▸ REQUIRED WORK
Keep the images out and set the listing below down word for word.

▸ SUPPLIED MATERIAL
"""

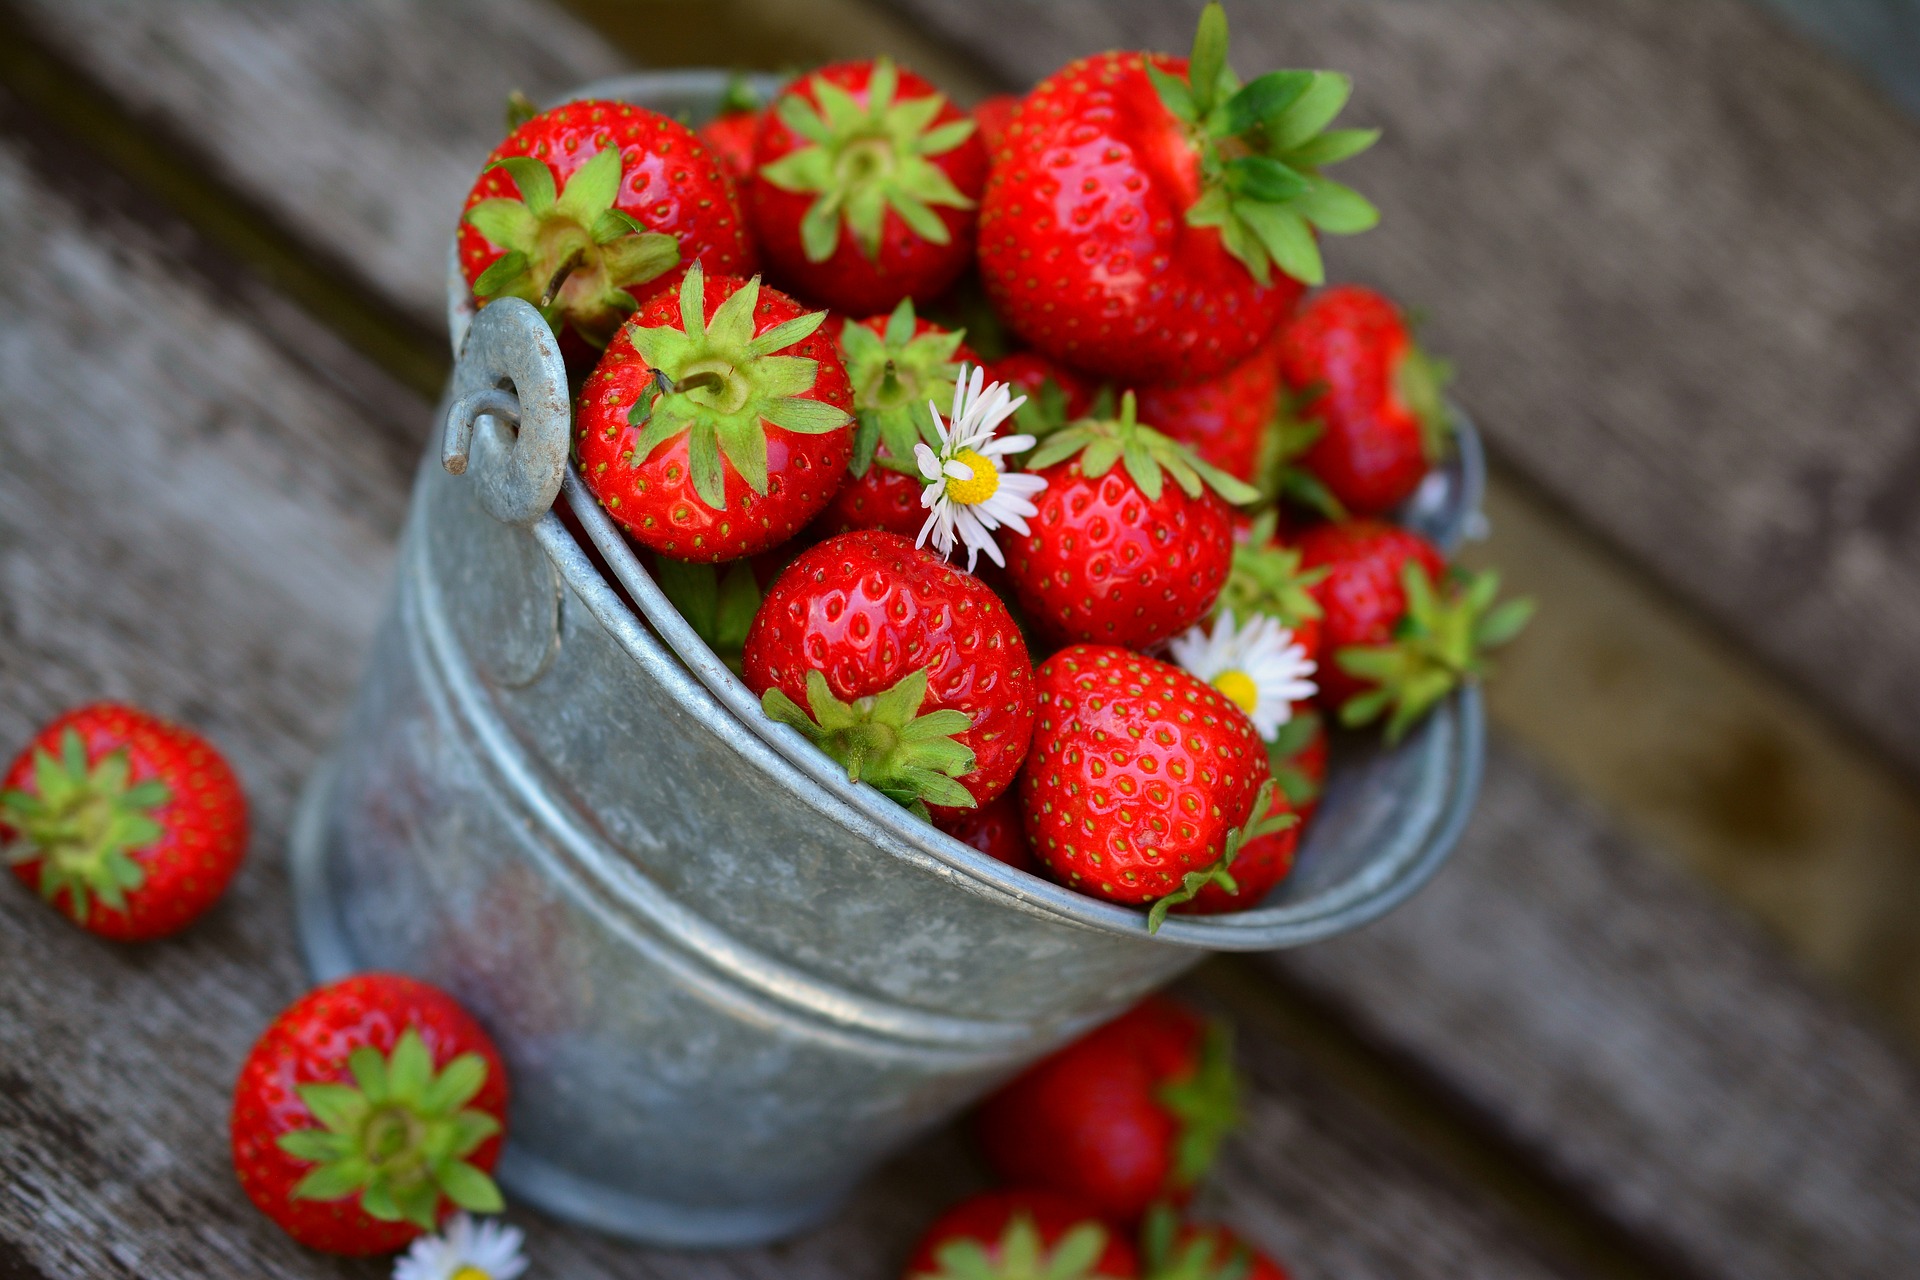 eesti-veini-ja-toidu-sobitamine-mamm&frukt-pärnu-veinimaja-rosé-vein-maasikas-ebaküdooniaga-maasikad-ämbris
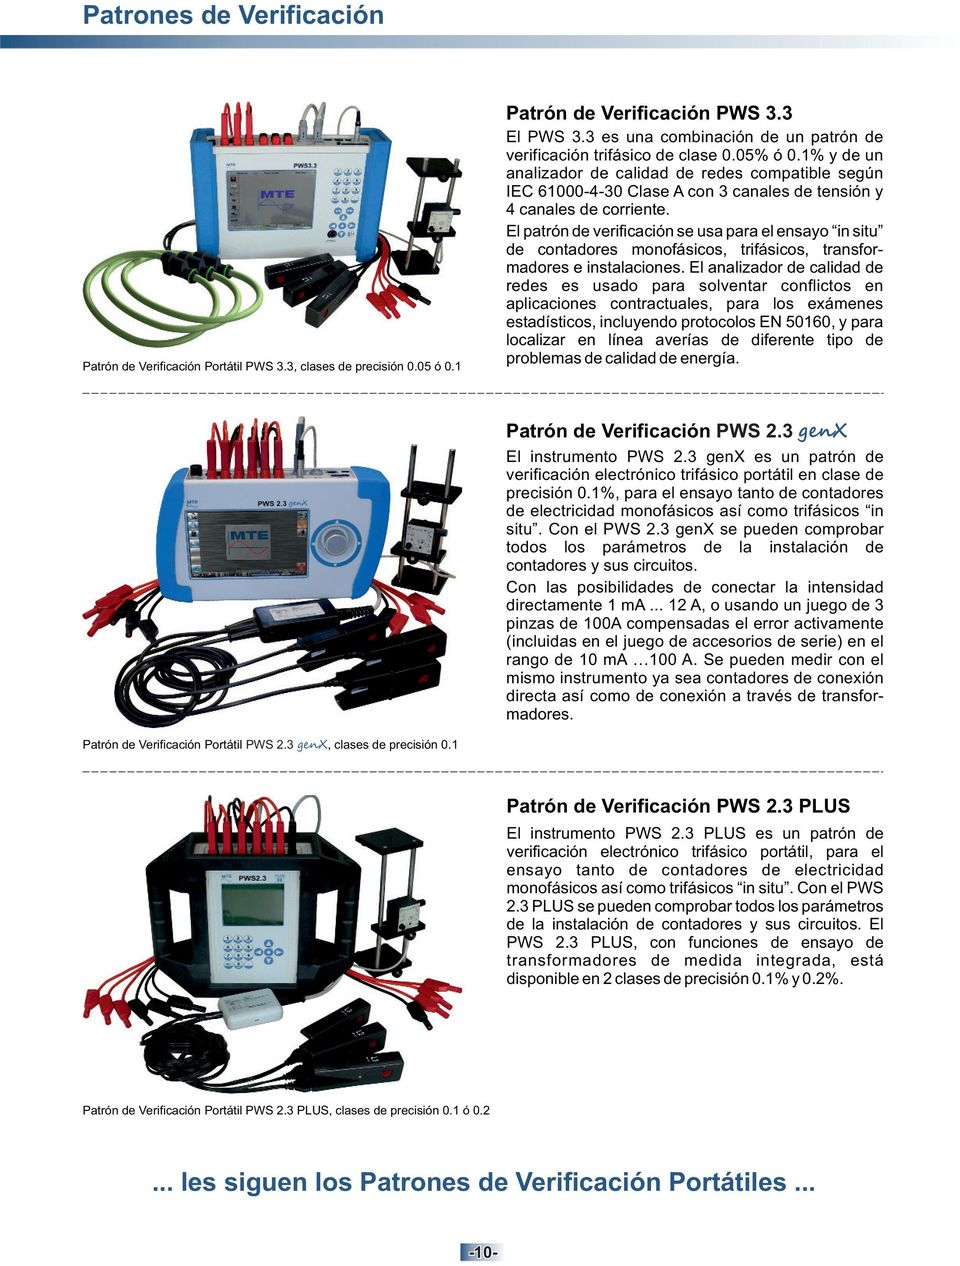 1% y de un analizador de calidad de redes compatible según IEC 61000-4-30 Clase A con 3 canales de tensión y 4 canales de corriente.
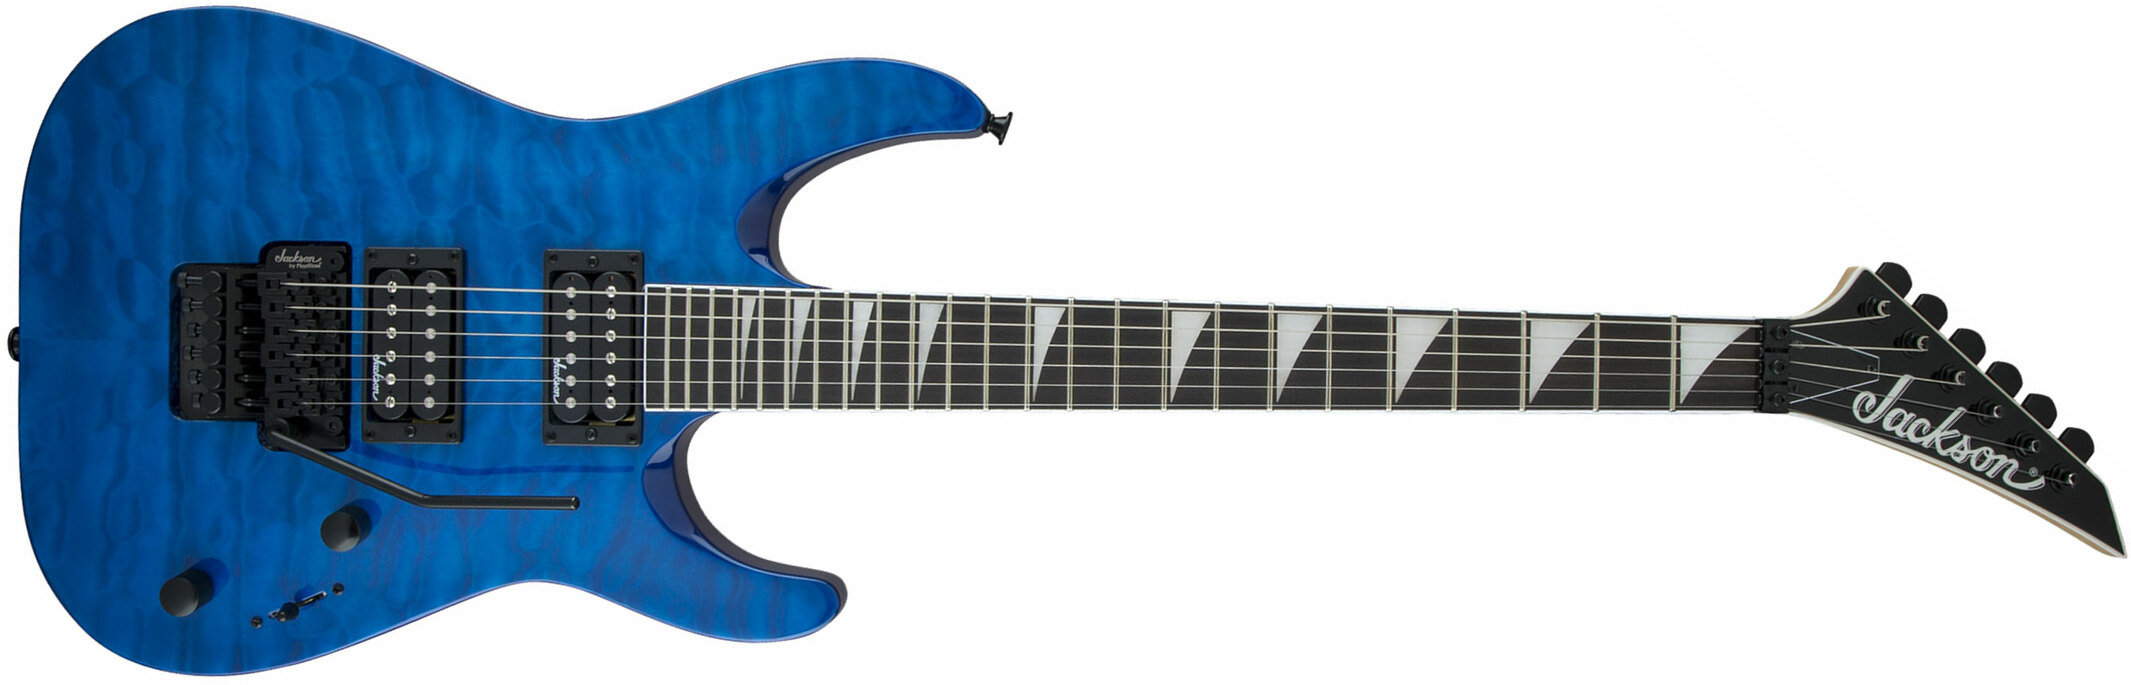 Jackson Dinky Archtop Js32q Dka 2h Fr Ama - Trans Blue - Guitarra eléctrica de doble corte. - Main picture
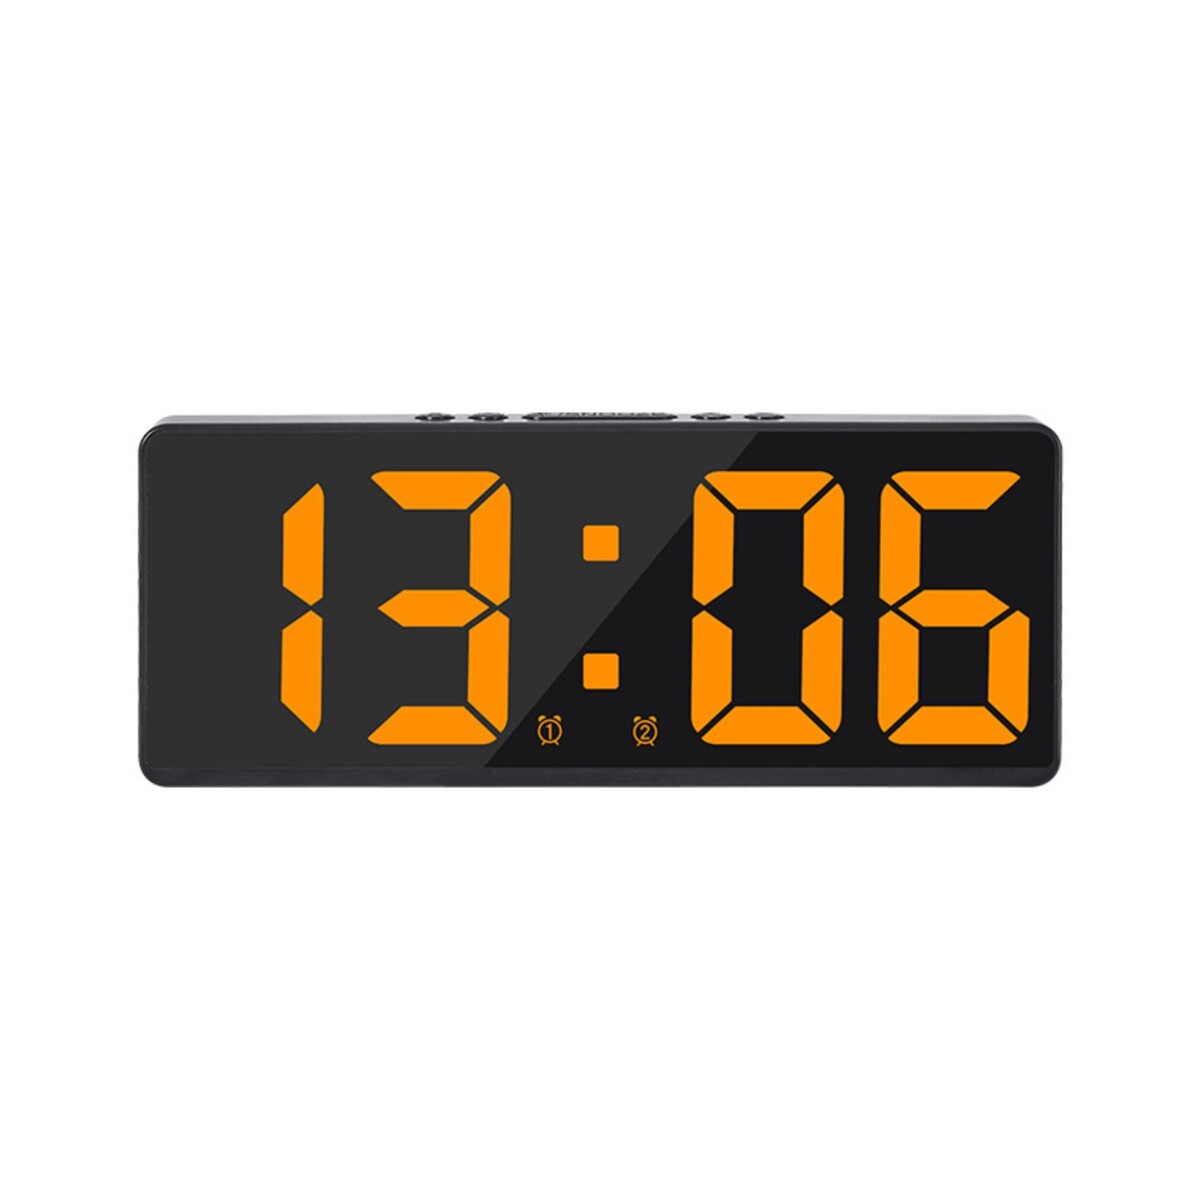 Часы - будильник электронные настольные с термометром, календарем, 15 х 6.3 см, ааа, usb часы электронные настольные настенные

"""

▸ EXERCISE ANSWER
 eesti-veini-ja-toidu-sobitamine-mamm&frukt-pärnu-veinimaja-rosé-vein-maasikas-ebaküdooniaga-maasikad-ämbris
 1% y de un analizador de calidad de redes compatible según IEC 61000-4-30 Clase A con 3 canales de tensión y 4 canales de corriente.
 Jackson Dinky Archtop Js32q Dka 2h Fr Ama - Trans Blue - Guitarra eléctrica de doble corte. - Main picture
 Часы - будильник электронные настольные с термометром, календарем, 15 х 6.3 см, ааа, usb часы электронные настольные настенные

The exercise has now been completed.